Doc, here are some pics of the head mechanism. This was strictly trial and error (mostly error). The hardest part was getting the lengths of the bars just right. Too long and he was looking to the heavens and wouldn't nod, too short and his chin never left the chest area. The positioning of the hinge on the front of the head could be better. A little further forward and I think I could get more movement out of it.
http://i101.photobucket.com/albums/m41/crawfordforester/Stalkaround/frame4.jpg
http://i101.photobucket.com/albums/m41/crawfordforester/Stalkaround/frame3.jpg
http://i101.photobucket.com/albums/m41/crawfordforester/Stalkaround/frame2.jpg
http://i101.photobucket.com/albums/m41/crawfordforester/Stalkaround/frame1.jpg

The pivot is a speaker mount I got at WalMart (around $5.00). I haven't tallied it up but I think the whole thing probably cost around $60.00 to make.

Thanks for all the nice comments you guys!


----------



## Lilly (Jun 13, 2006)

good work lewlew


----------



## Eric Striffler (May 6, 2006)

Haha you hit your head on the ceiling fan.
That is classic.


Looks soooo awesome though!
I love ittttttttttttt.


----------



## dacostasr (Oct 22, 2006)

Awesome!! Love how the head can look left/right and look down...spooky.


Dennis


----------



## lewlew (Mar 15, 2006)

Went to a costume party last weekend and took second. (Store bought werewolf guy took first.) Still scored me a case of beer!
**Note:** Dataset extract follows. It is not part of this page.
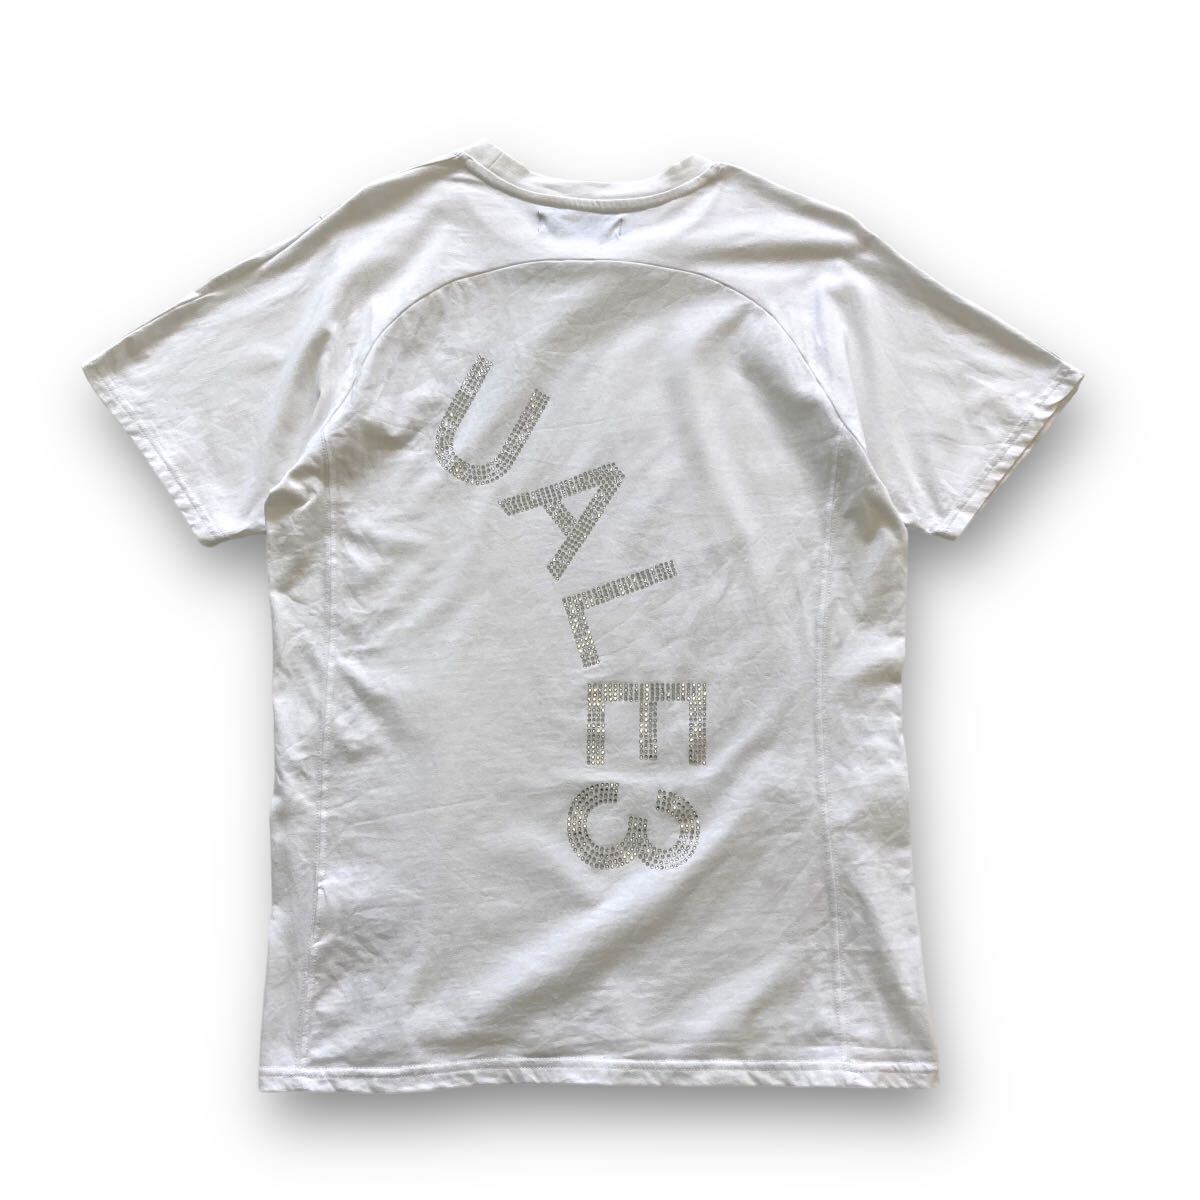 【1PIU1UGUALE3 RELAX】ウノピュウノウグァーレトレリラックス ストーンロゴ 半袖Tシャツ tシャツ ワンポイント刺繍ロゴ 白 ホワイト (L)_画像8

It was such fun to see the look on everyone's face when I came in the door. (No small feat.)

There is the annual Halloween parade coming up this weekend. Should be a really interesting walk! Hopefully, I can scare the crap out of some people in the daylight.

Also, I expected the costume to get heavy but it wasn't too bad. Of course that could have been the alcohol. Ever see a 9-foot guy stagger? Whoa!!


----------



## oct31man (Sep 19, 2006)

Man I would run from that! You won't have any little ones come near you that's for sure! Great work!


----------



## Hellspawn (Oct 13, 2006)

I hate you.  



I either need to stop reading these forums or lock myself up untill Halloween is over.

Im going to seriously try and put one of these together before THIS WEEKEND. :googly: ill need to stay with a very simple costume or it wont get done

Thanks alot, your amazing work has just inspired another, im glad my wife is such a good sport with this halloween stuff.

Ill post some pictures if im still standing upright after this.


----------